Eva Gore-Booth had a personality of great charm... Christabel adored her, and when Eva suffered from neuralgia, as often happened, would sit with her for hours massaging her head. To all of us at home this seemed remarkable indeed, for Christabel had never been willing to act the nurse to any other human being.

(2) Esther Roper, The Poems of Eva Gore-Booth (1929)

Soon after our return from Italy we settled in Hampstead. She cared as keenly as ever for every cause for which she had toiled in the past; the welfare of the women workers was always very near her heart. Her health made it impossible that her work should be of the same kind as formerly; but it was not for that reason any less vigorous or effective. ...

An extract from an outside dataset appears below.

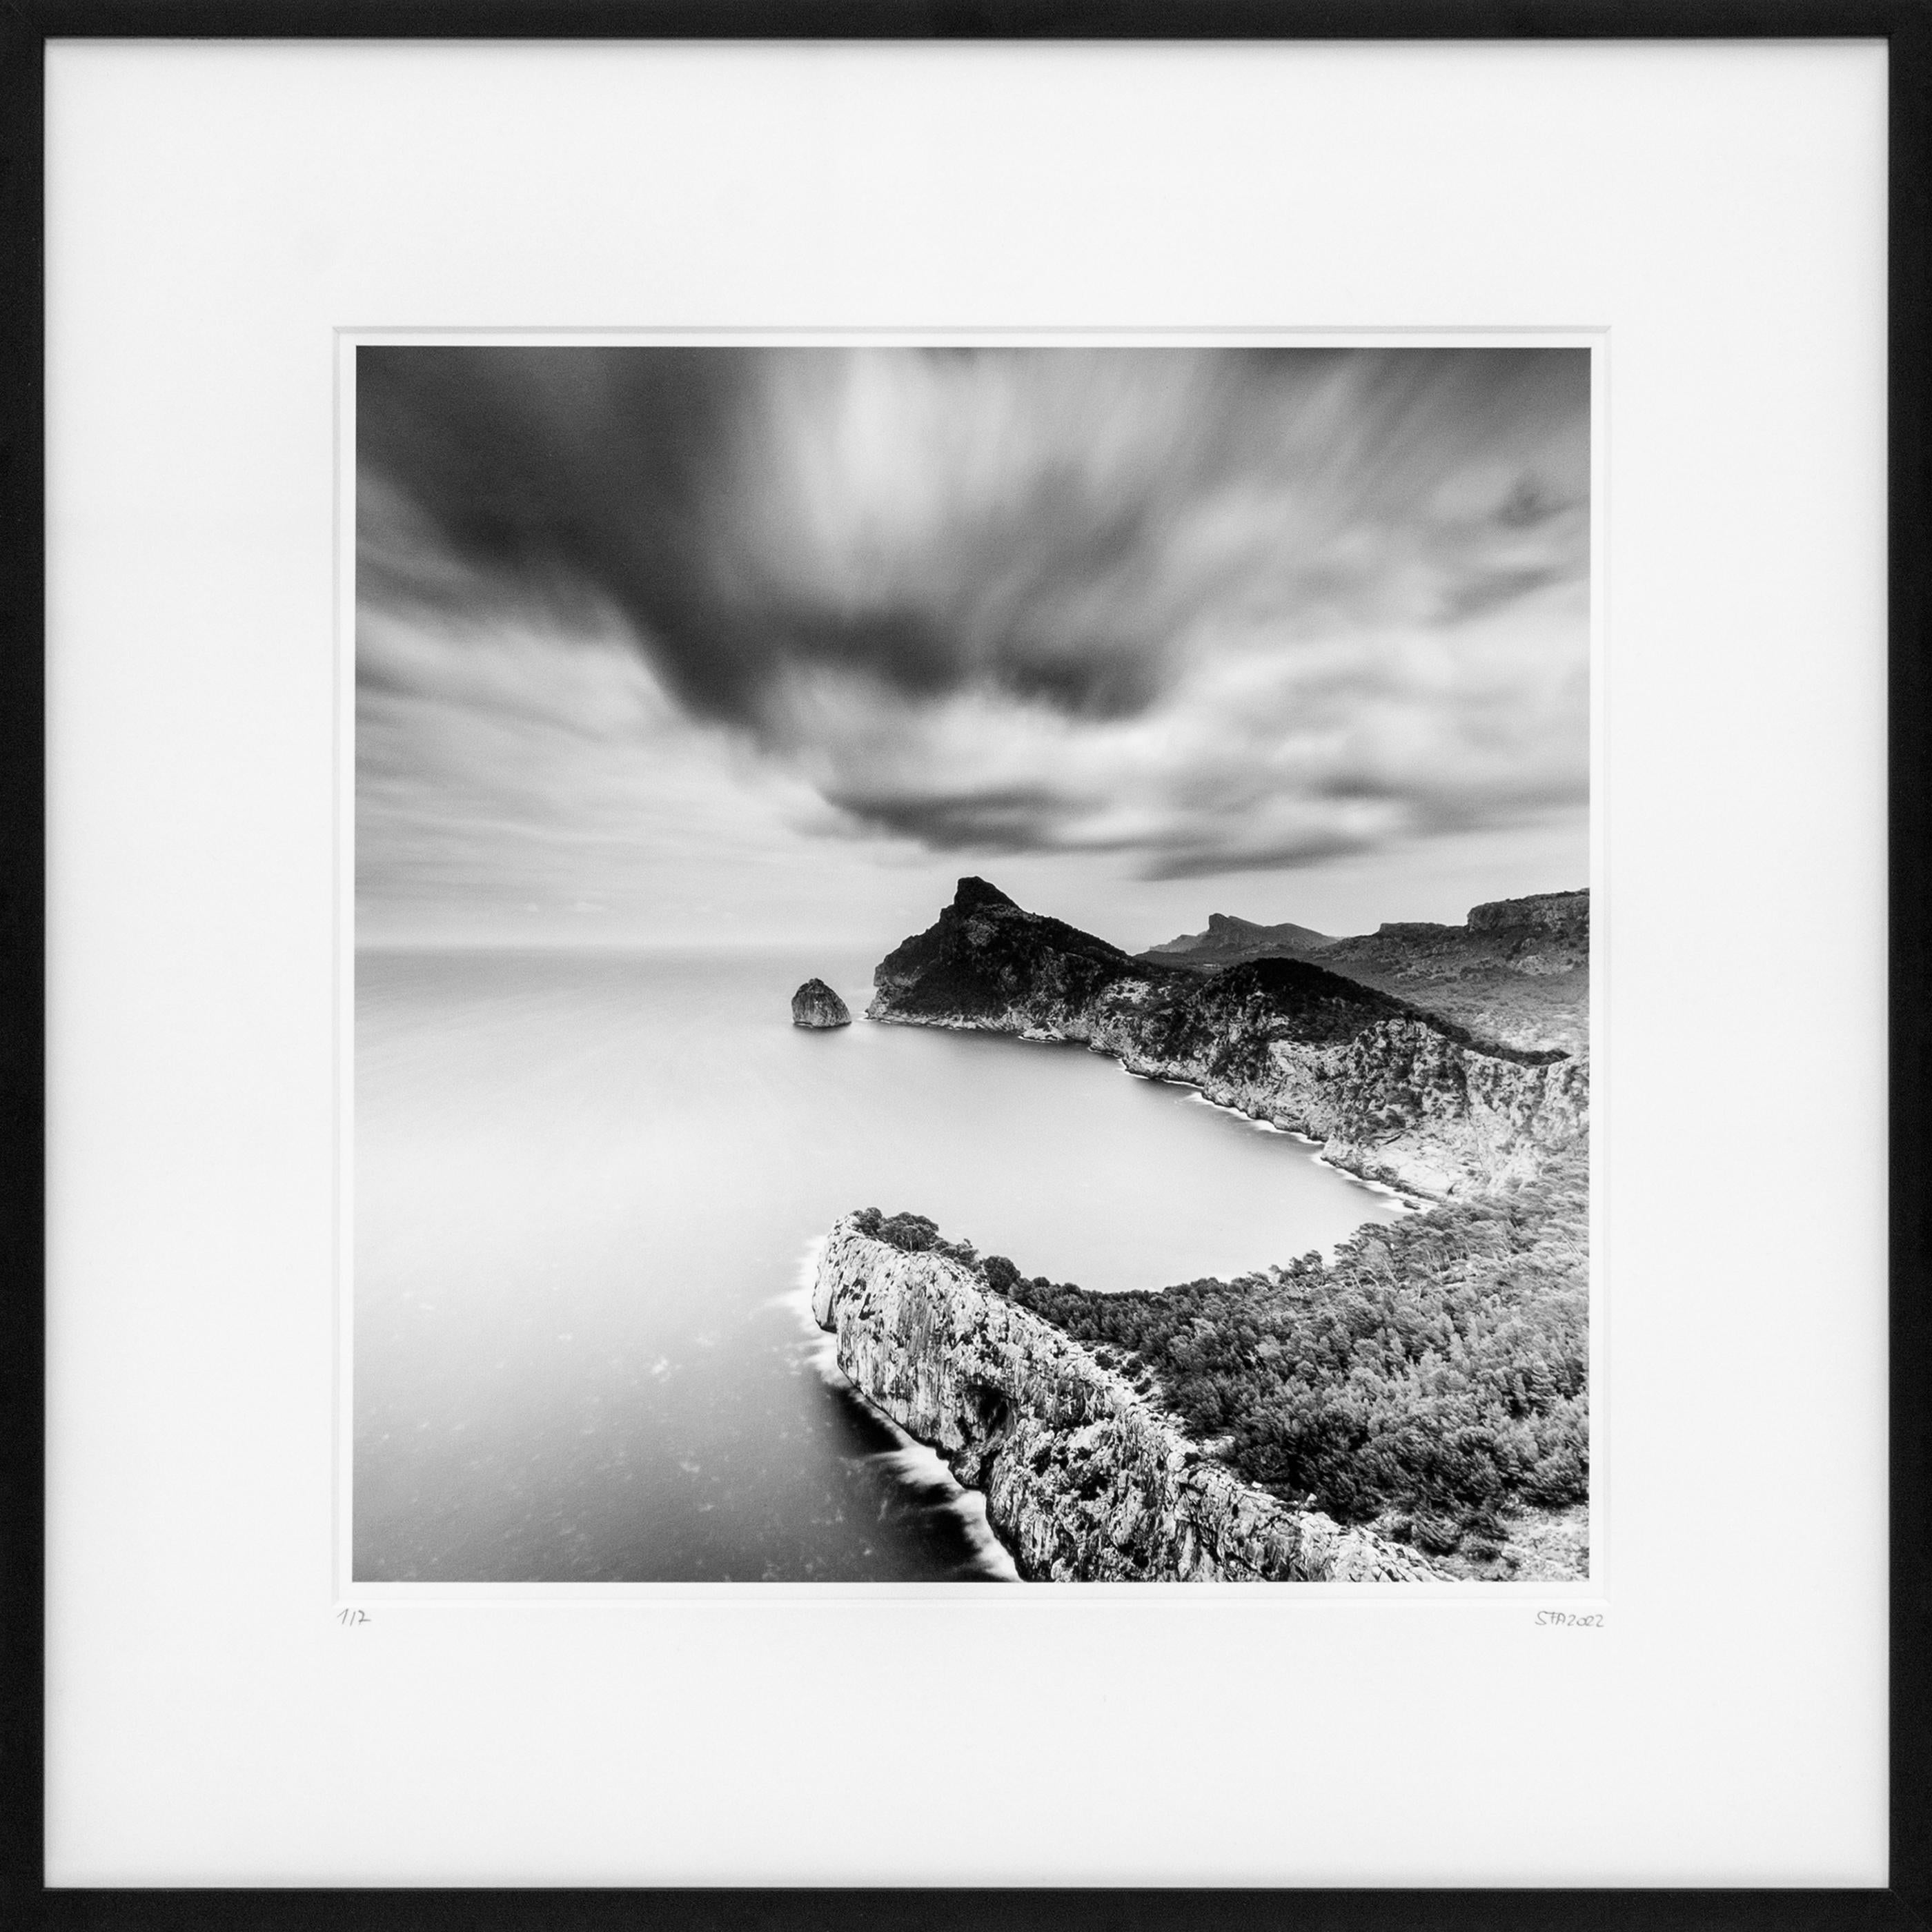 Black and White Photograph Gerald Berghammer - Mirador Es Colomer, Mallorca, Espagne, impression de paysage en noir et blanc, encadrée

Eva Gore-Booth's sensitive and loving nature made her a perfect friend. No words of mine could ever tell the beauty of her friendship, but I can say of it truly, "Love never faileth". Through the years of difficult and trying work, through periods of terrible strain and grief, through ever-recurring times of intense pain, this was true. To the hard work which we did together for thirty years she brought a spirit of adventure and gaiety which nothing daunted. Of a gallant courage and a gentle courtesy she made life together a gracious thing. Even simple everyday pleasures when shared with her became touched with magic - wandering through the woods of her old home, or seeking the "blue gentians and frail columbines" of a Swiss mountain, or finding "beauty and life and light" in Italy.

At the end she looked up with that exquisite smile that always lighted up her face when she saw one she loved, then closed her eyes and was at peace.